Ainda na indústria, o ministro do Ambiente reforça a importância de se falar em eficiência de material: “De facto, é tão relevante como a eficiência energética quando se fala num mundo descarbonizado e que regenera recursos”. E quando se compara problemas como a poluição ou energia, em quase todos, no curto ou no médio-prazo, a tecnologia pode resolver o problema, mas quando a problemática se prende com materiais, o cenário é totalmente diferente: “Uma matéria-prima quando acabar, acabou. E não há mesmo forma de a recuperar”. E, por isso, atenta o ministro, é fundamental começar a pensar na “utilização de novos materiais”, que sejam “mais eficientes”, em “reduzir a zero o desperdício” e tentar “reutilizar esse desperdício”. E tudo começa na “concepção”, no “desenho” e no “processo”, refere, destacando que é esse o compromisso do setor do calçado. Foi exatamente a pensar na perspetiva dos materiais e da eficiência que o Ministério do Ambiente e da Ação Climática lançou o desafio de construir no setor do calçado um projeto de bioeconomia: “Estou grato por todo o trabalho que foi desenvolvido”. E, neste momento, segundo o ministro, dentro do Plano de Recuperação e Resiliência (PRR) estão disponíveis “150 milhões de euros” para serem lançados “três grandes projetos de bioeconomia” em três setores-chave da economia portuguesa, em que um deles é o setor do calçado.

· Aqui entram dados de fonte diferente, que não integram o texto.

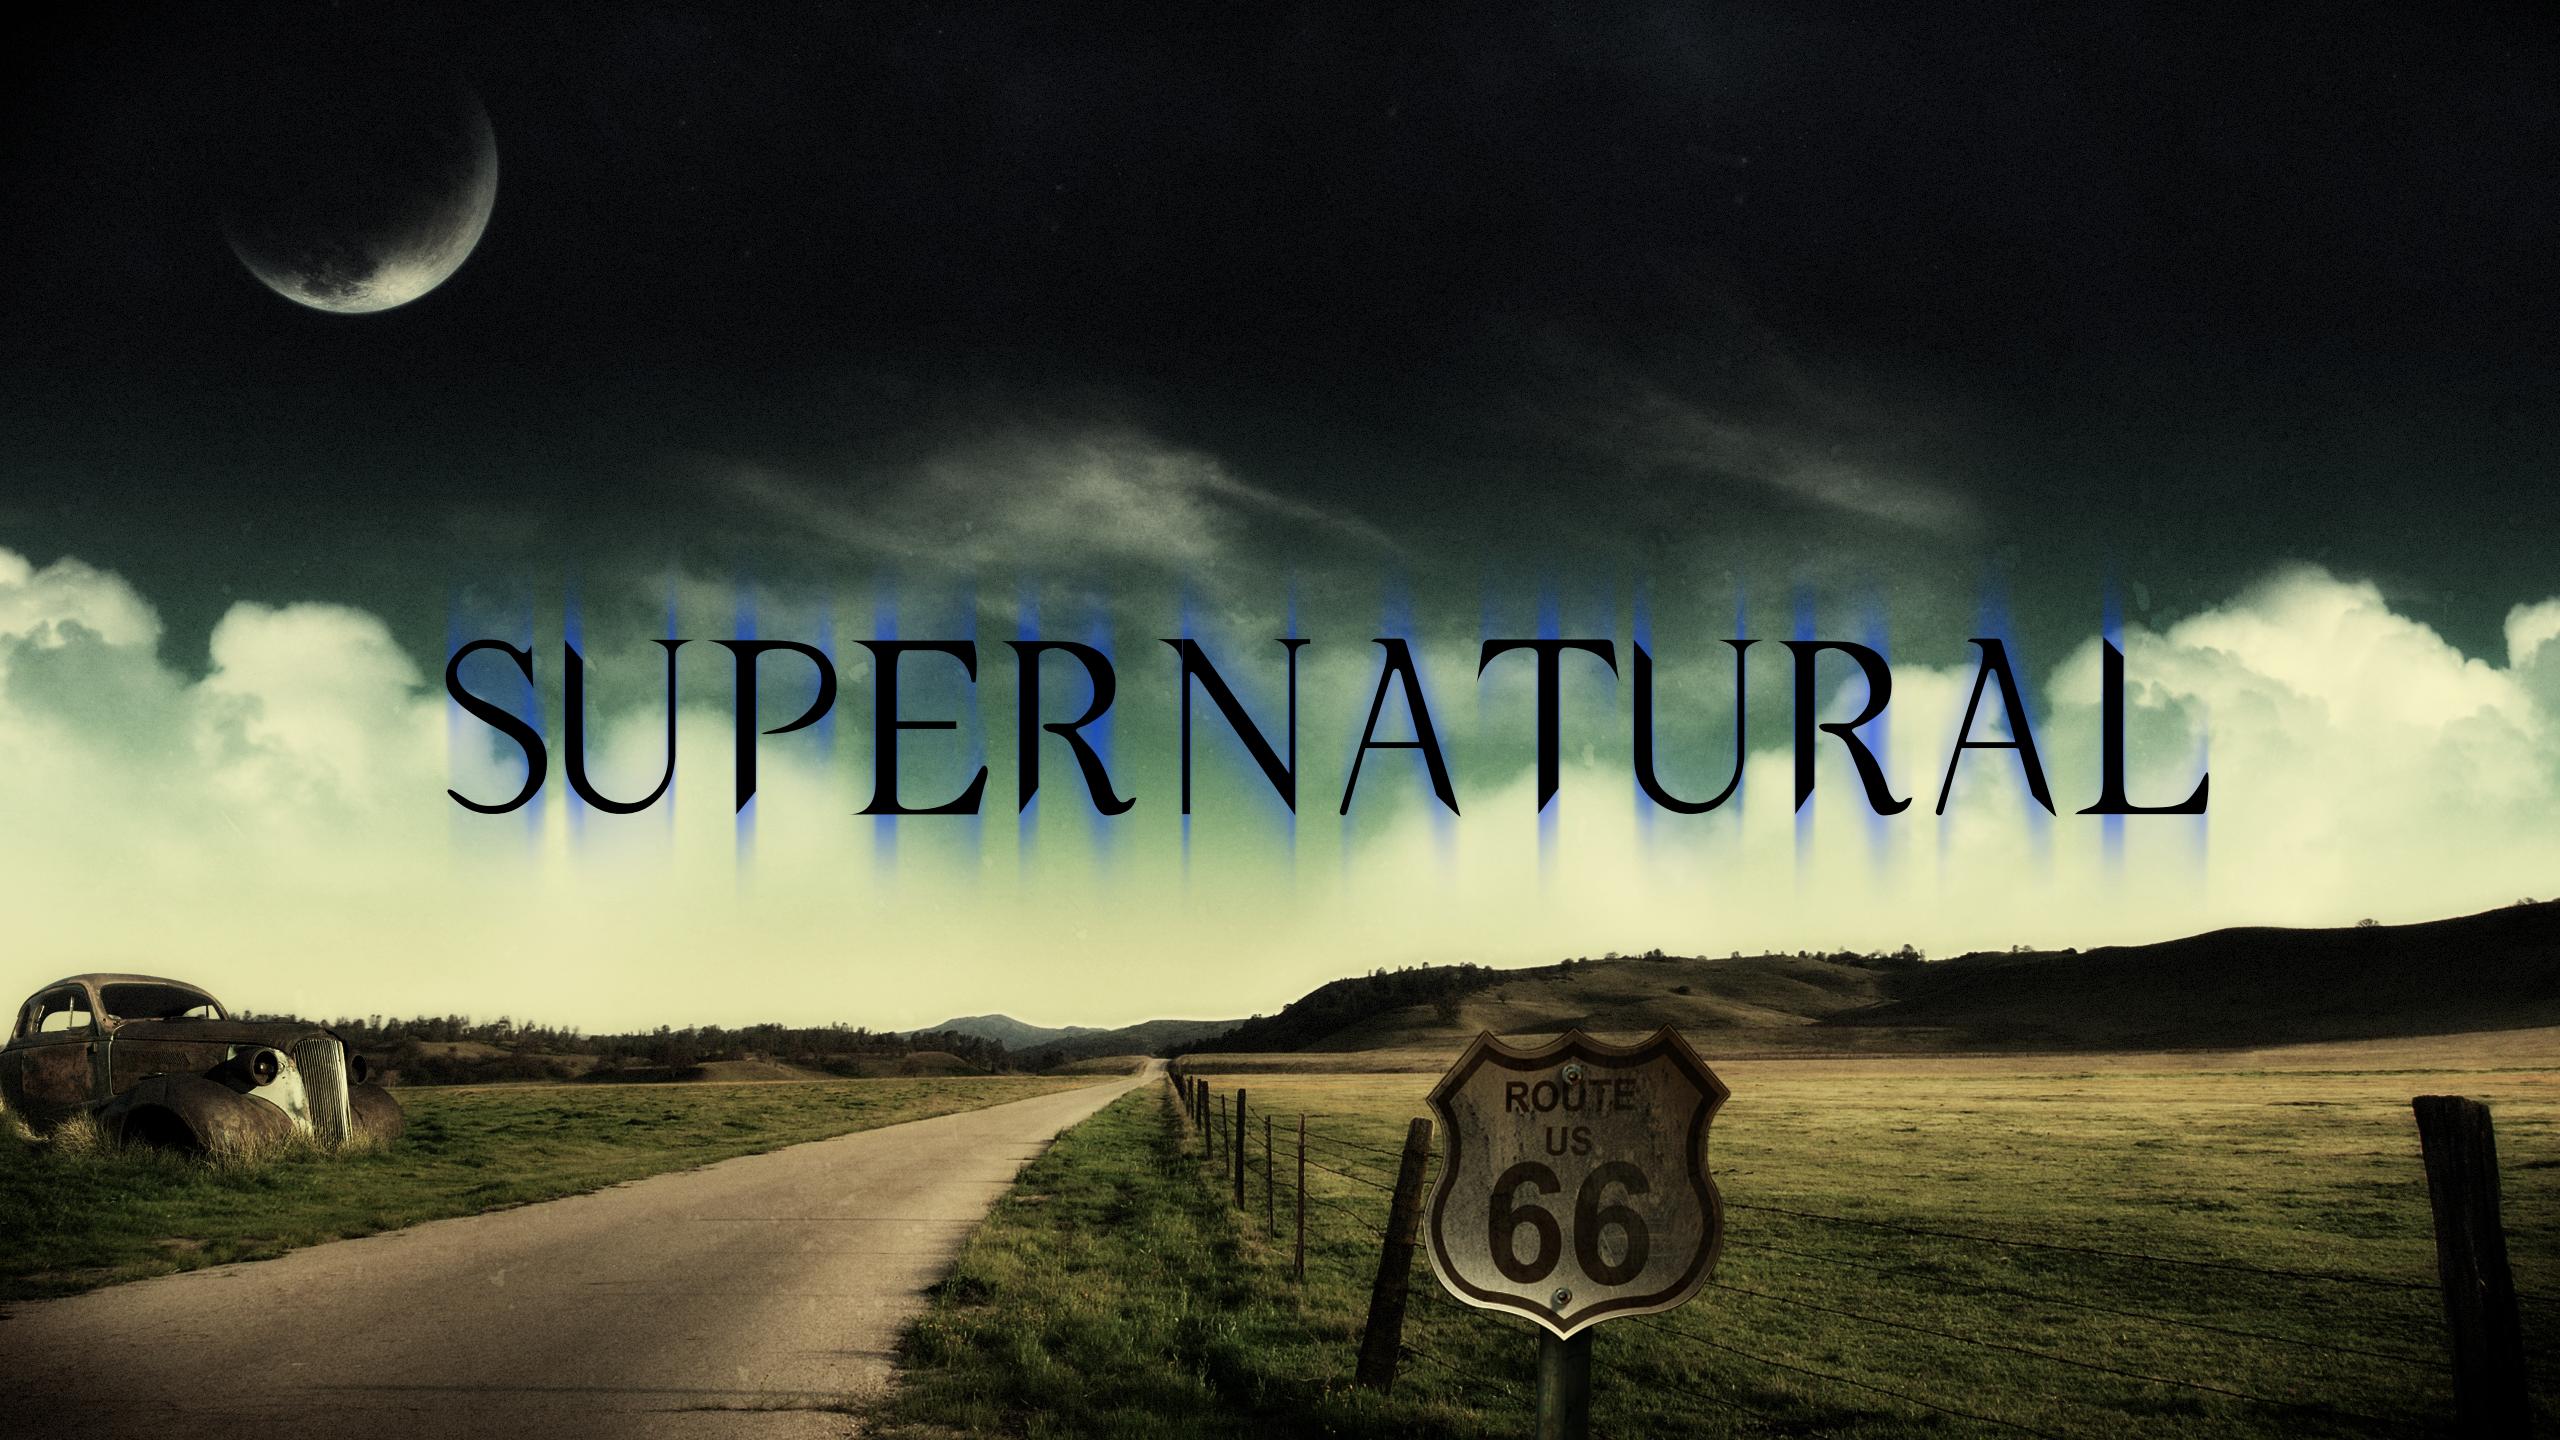 Simple Wallpaper Logo Supernatural - 07674bd133e5fcab13c59ff6a7f17c9c  Trends_895677.png

Ao nível da “promoção e inovação dos novos materiais”, da “promoção de simbioses industriais”, do “potencial de novos modelos de reciclagem pós e pré-consumo”, da “formação do ecodesign e no trabalhar o mercado na sensibilização da sociedade”, Matos Fernandes está convencido que há uma “oportunidade única” para o “setor da moda”, quer seja no têxtil, quer seja no calçado. “Não tenhamos dúvidas, temos que pensar que a economia circular não é a salvação do planeta como também a bioeconomia não será a solução para uma economia neutra em carbono. É mesmo da conjunção destas e de outras dimensões que vamos ter que falar e construir”, refere.
Mesmo em tempo de pandemia, o ministro do Ambiente acredita que a transformação vai acontecer e será de forma rápida: “Vamos sair (da crise) com vontade de caminhar depressa sem usar os sapatos do passado mas sim os sapatos do futuro na corrida que temos pelo futuro”. E o setor do calçado vai estar numa “dupla” linha da frente: “Na linha da frente de criar emprego qualificado e bem-estar para aqueles que dependem do setor e, ao mesmo tempo, contribuir decisivamente para o projeto neutralidade carbónica e para que Portugal honre os compromissos que tem para com os seu concidadãos e para com todo mundo neste setor que é essencial para as gerações futuras”, remata.